Assignment - Your task is to restate the listing word for word without the pictures.

*** Opening of Supplied data ***

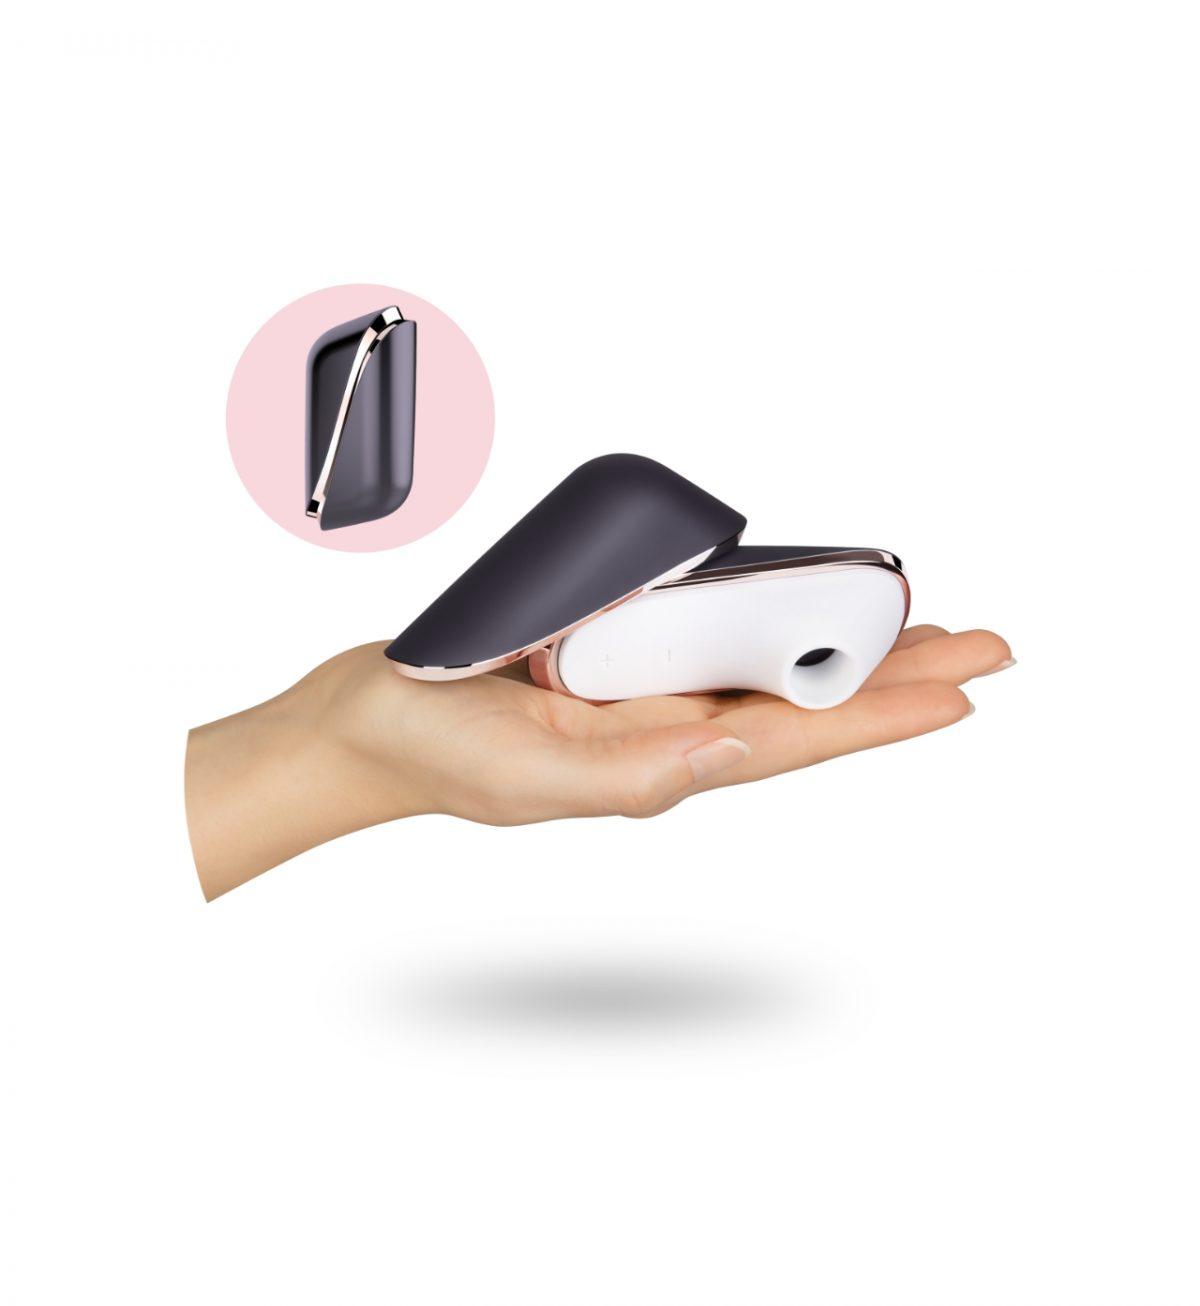 Pro Traveler - Klitorisstimulator med pulserende trykkbølger - Satisfyer
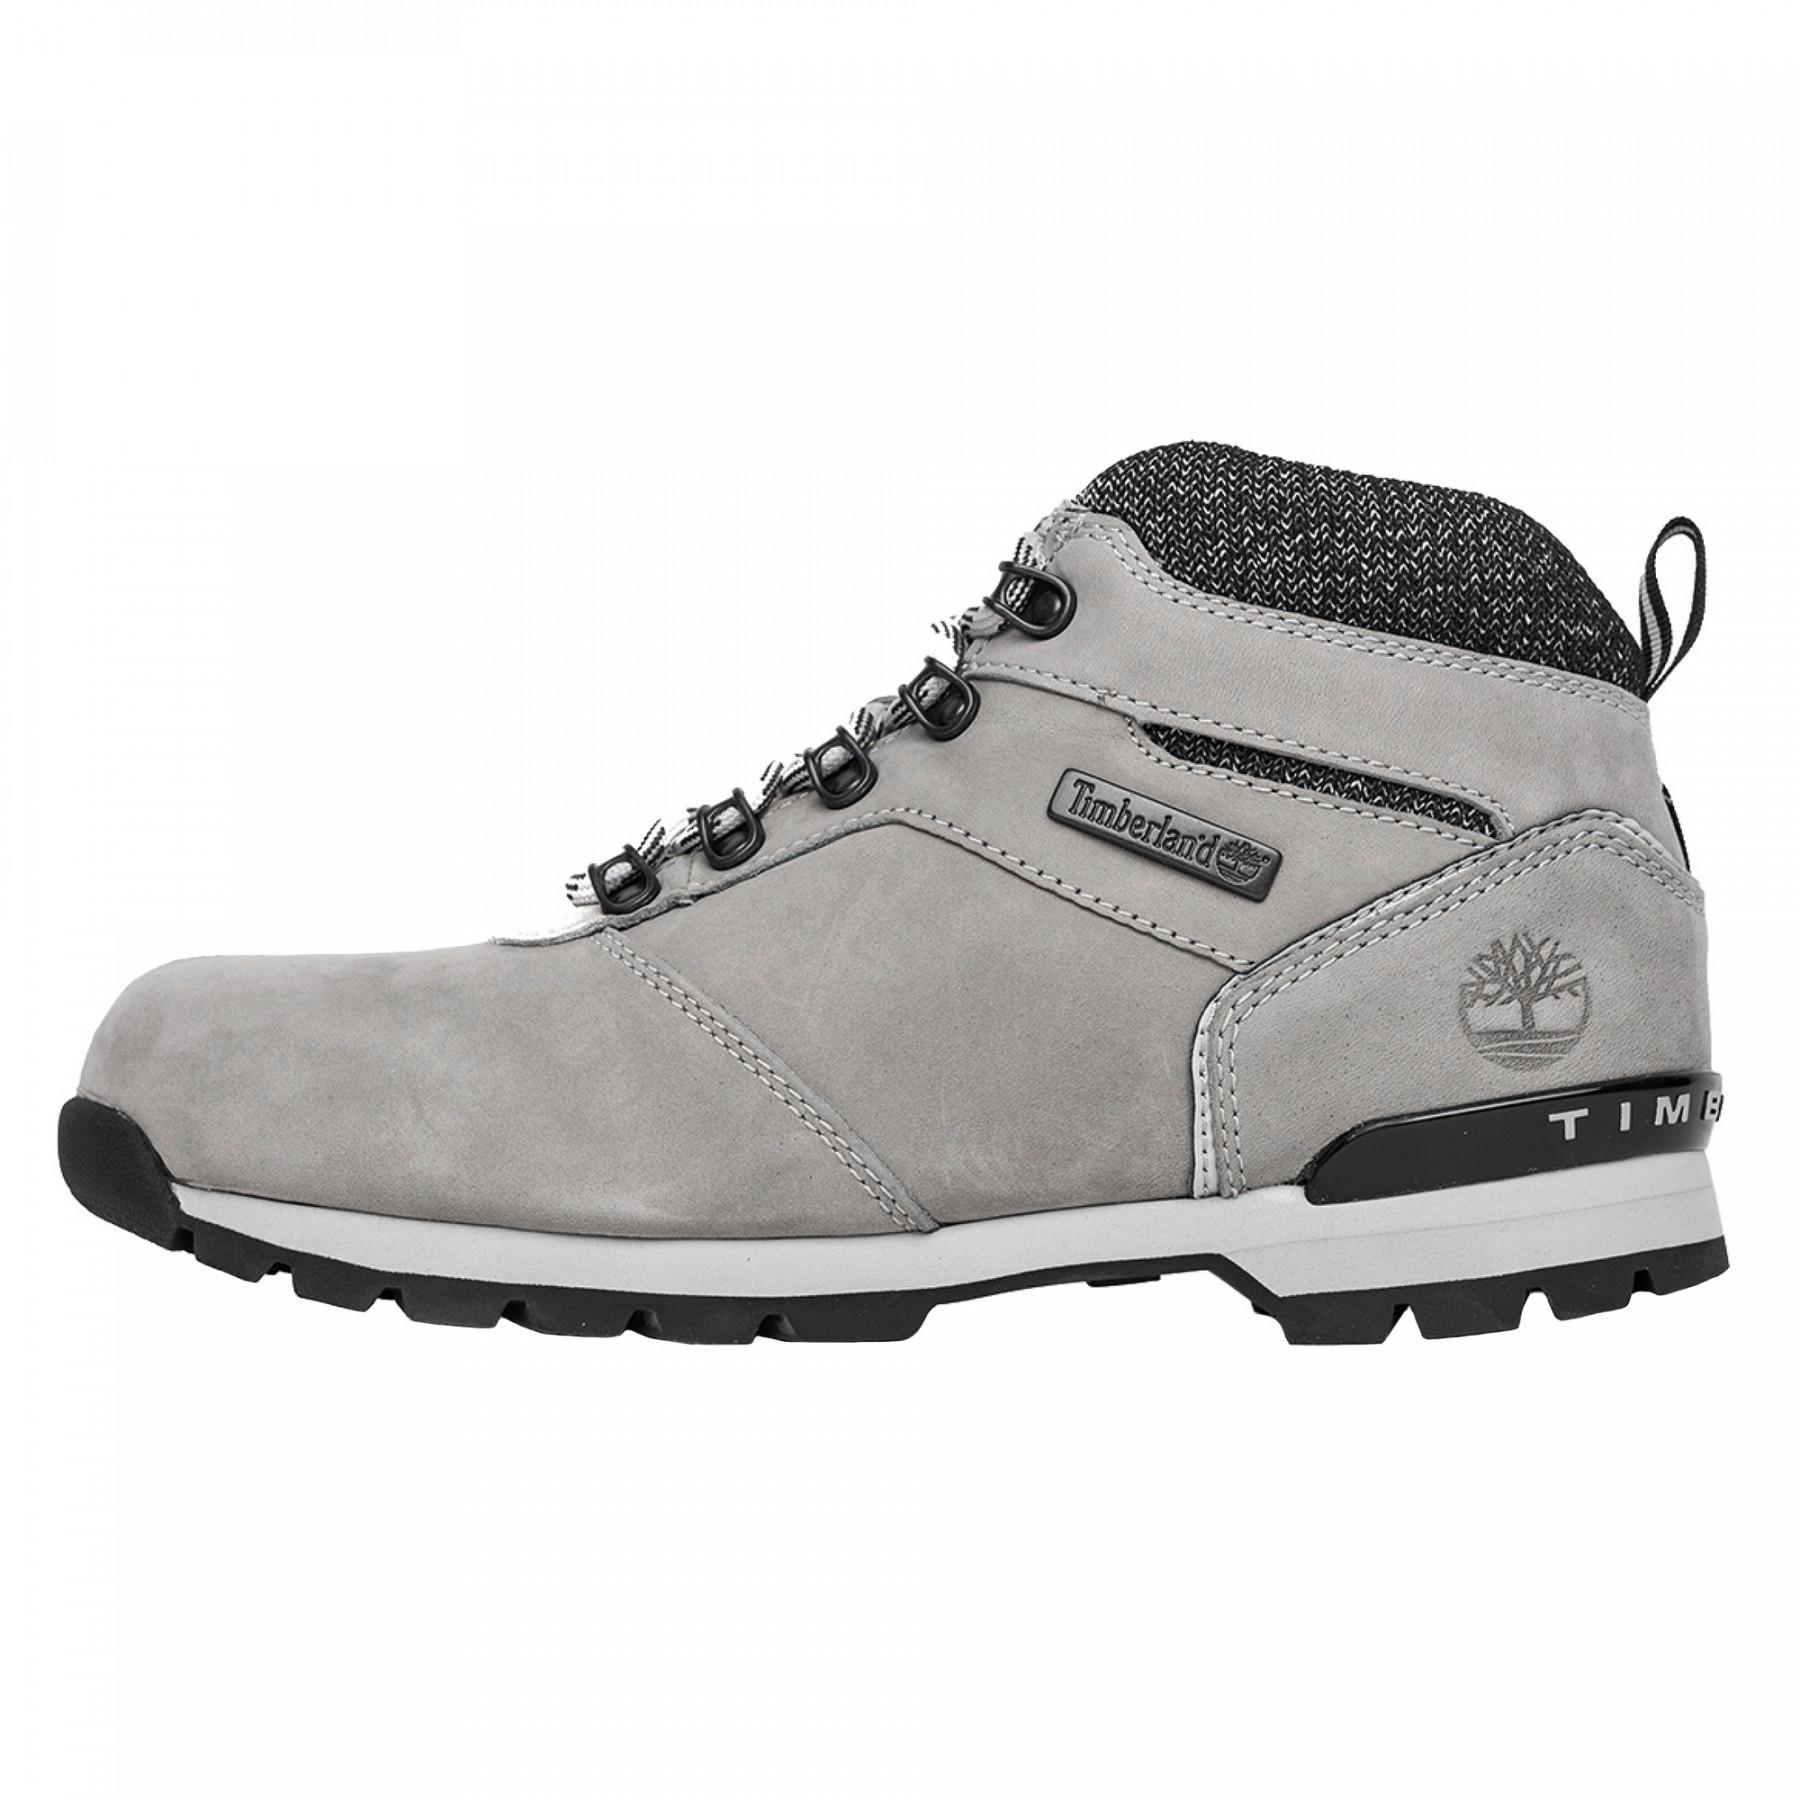 Chausure Pas Splitrock 2 Chaussures Timberland Af Gris Homme Cher FKc3luT1J
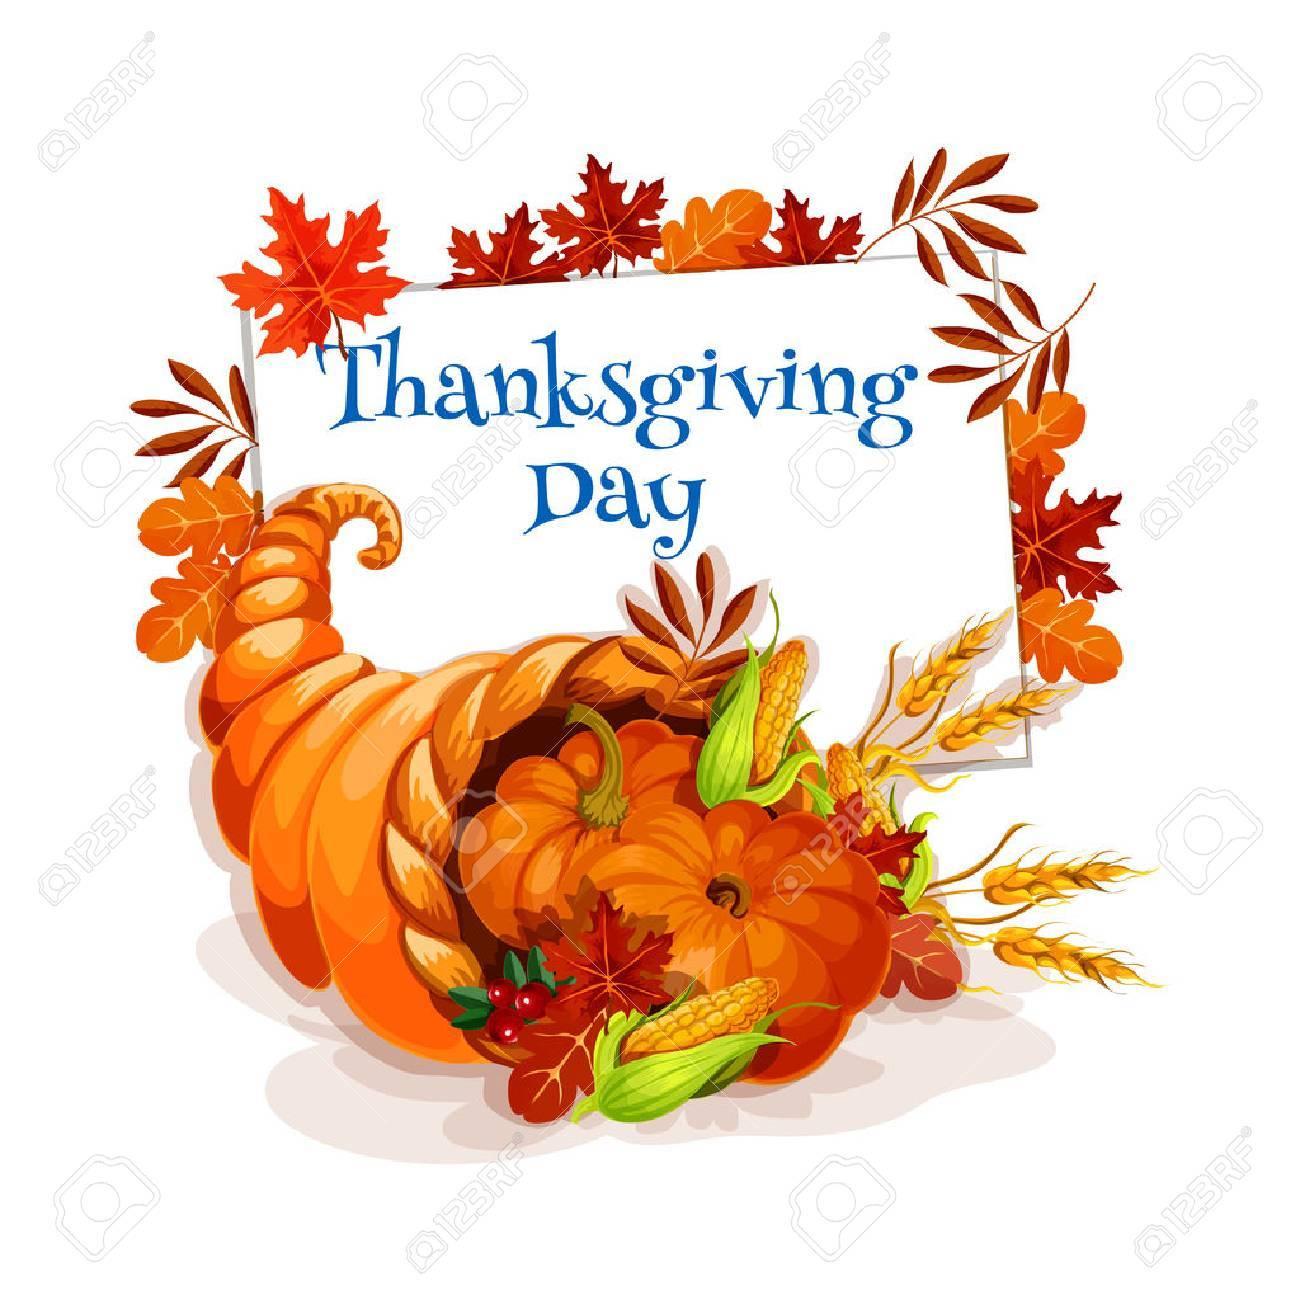 Thanksgiving Day Cornucopia Greeting Card Vector Design Template
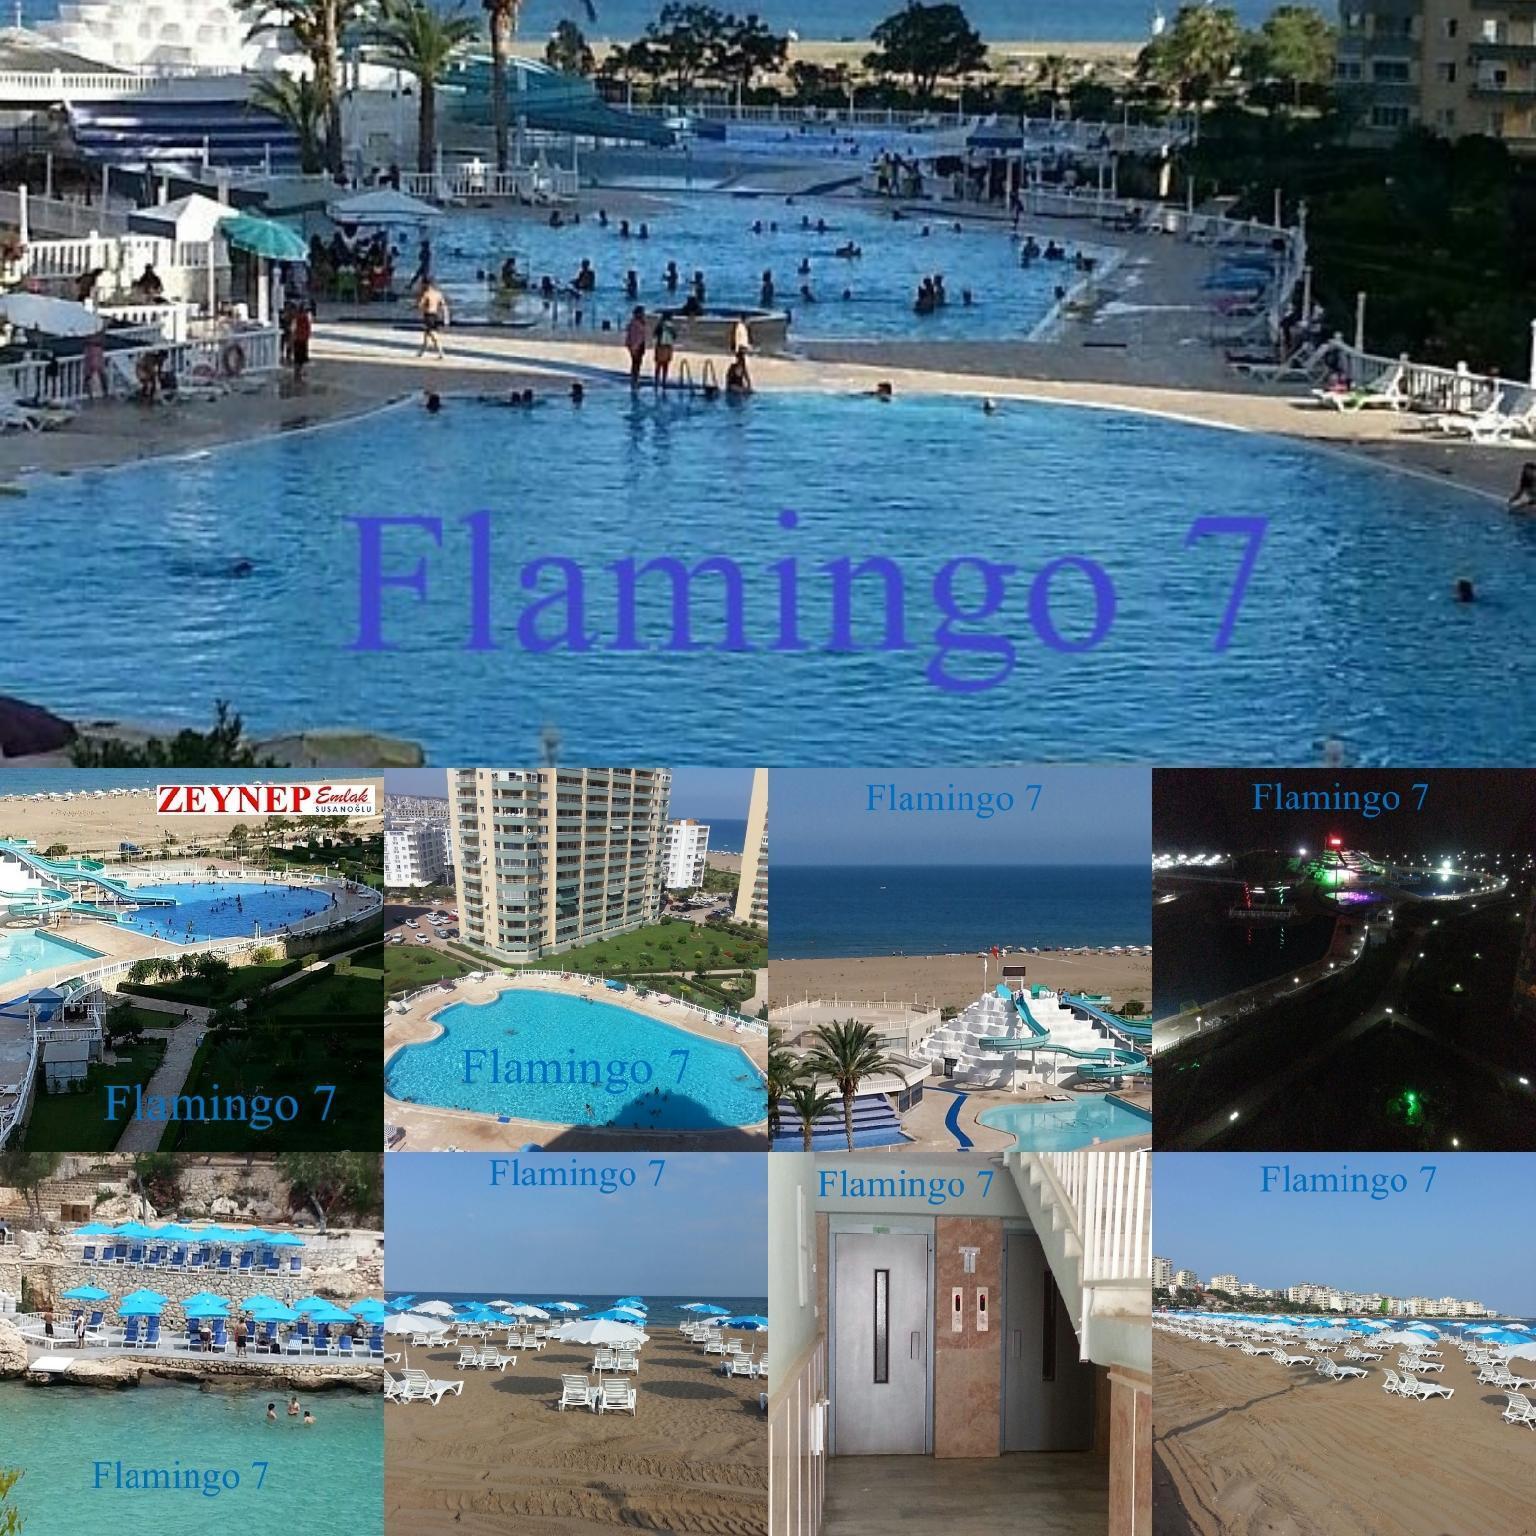 Denize Sifir Super Luks Tatil Sitesi Flamingo 7

*** Close of Supplied data ***

Answer for the task -
 Pro Traveler - Klitorisstimulator med pulserende trykkbølger - Satisfyer
 Chausure Pas Splitrock 2 Chaussures Timberland Af Gris Homme Cher FKc3luT1J
 Thanksgiving Day Cornucopia Greeting Card Vector Design Template
 Denize Sifir Super Luks Tatil Sitesi Flamingo 7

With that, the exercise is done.